The Supreme Court decision in King v. Burwell, the case challenging the Obama administration’s decision to award tax credits for health insurance sold through federally established exchanges, could turn on the question of whether a ruling that ends the tax credits on federal exchanges might cause something known as a “death spiral” in health insurance markets.
The good news is the answer is probably no, but the bad news is that’s only because the death spiral has probably already started.

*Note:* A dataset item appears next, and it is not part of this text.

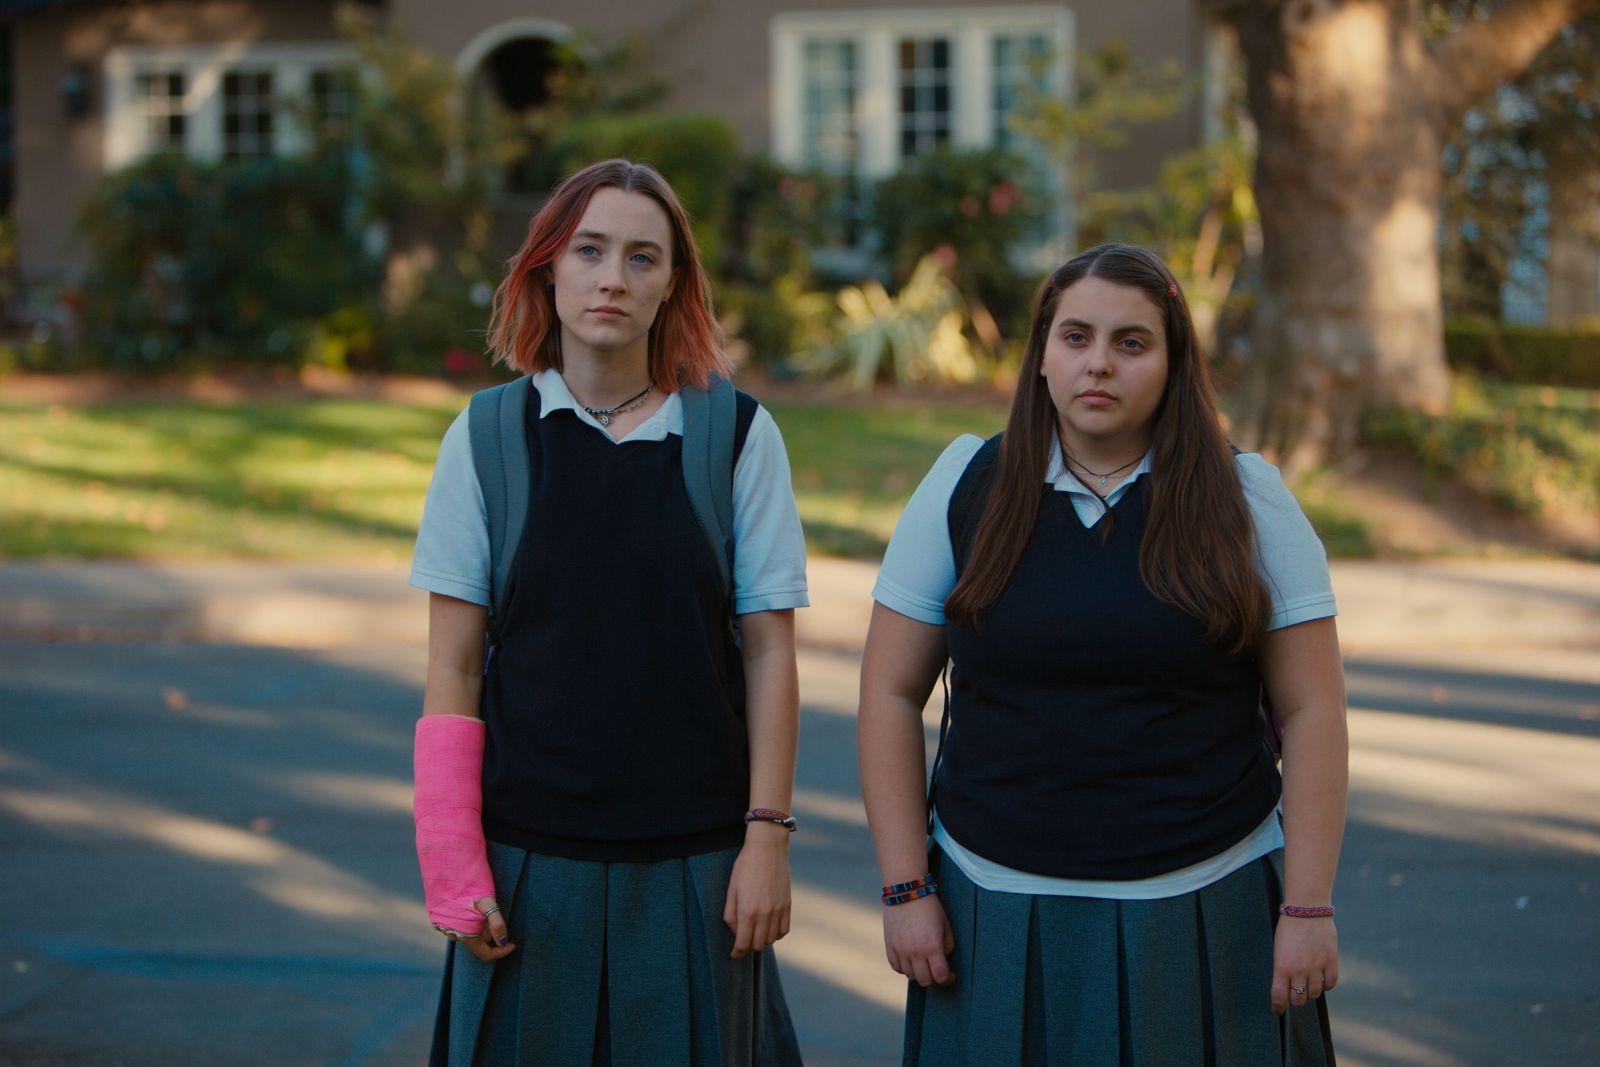 8 películas 'coming-of-age' sobre autodescubrimiento que definen la juventud y el paso del tiempo
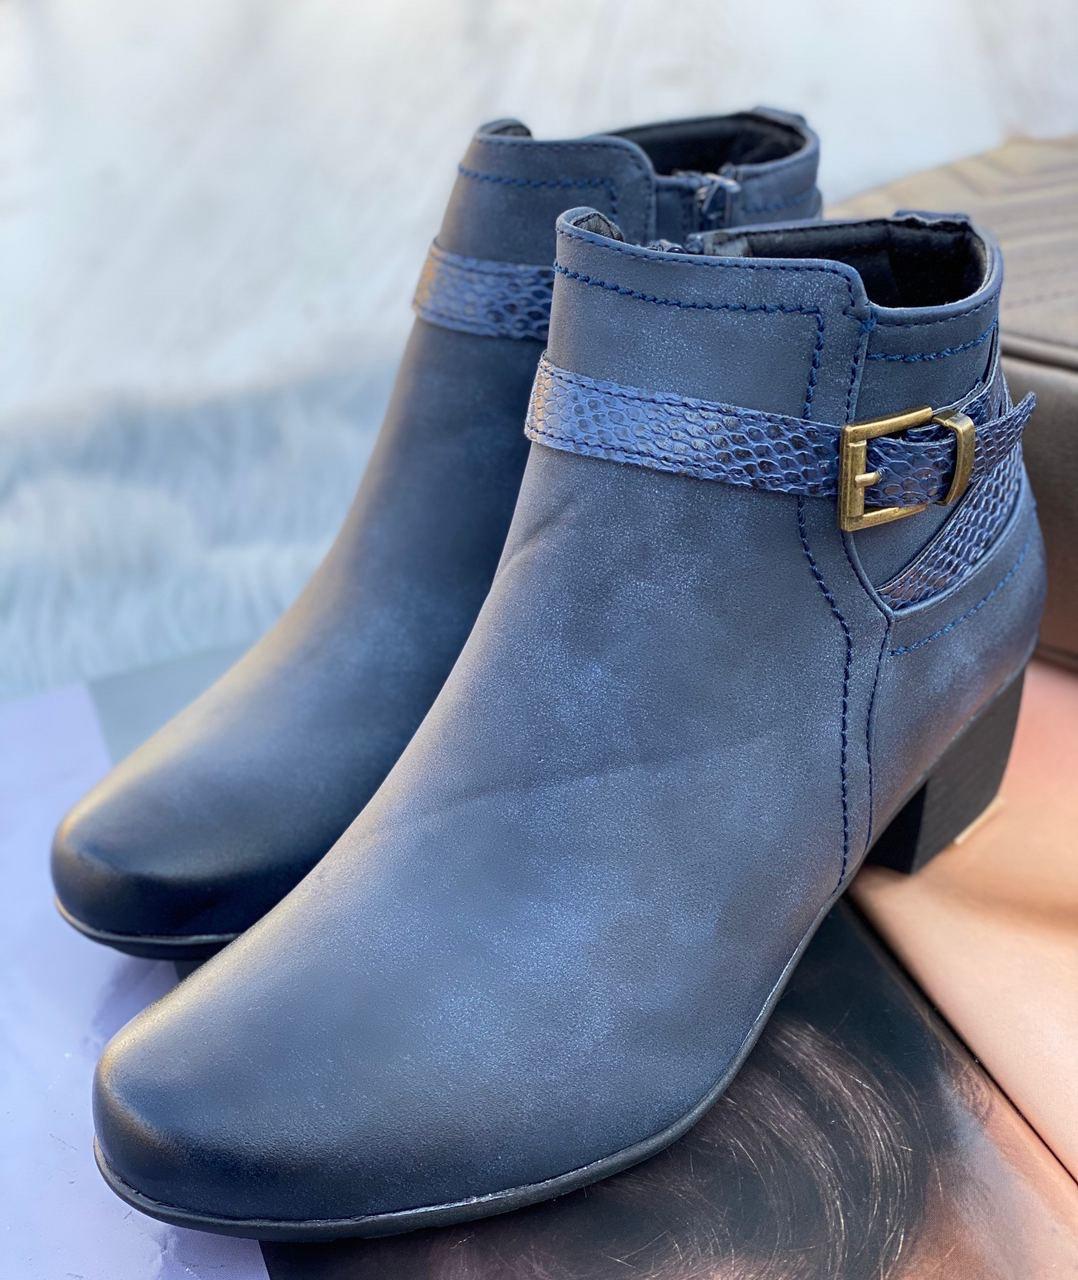 Ботинки женские Евро-Зима 6 пар в ящике синего цвета 36-41

A death spiral generally occurs when insurers are forced to raise premiums sharply to pay promised benefits. Higher premiums cause many of the healthiest policyholders, who already pay far more in premiums than they receive in benefits, to drop coverage.
When healthy policyholders drop coverage, it leaves the insurer with little choice but to raise premiums again because they now have a risk pool that is less healthy than before. But another premium increase means many of the healthy people who remained now drop their policies, too, and this continues until the only people willing to pay the now-very-high premiums are those with serious medical conditions.
The death spiral isn’t just a theory. Eight states learned this the hard way in the 1990s when they enacted two policies known as “community rating” and “guaranteed issue,” requiring health insurers to sell coverage to anyone who wanted it at the same price.
This quickly set off a death spiral because people knew they could wait until they were sick or injured to buy insurance, and premiums rose sky-high as healthy people exited the individual insurance market while the sick remained.
New Jersey enacted both community rating and guaranteed issue in 1992. By 2003, the lowest monthly premium for a family policy in the state was $3,810 and nearly 40 percent of the people in the individual market had dropped their coverage.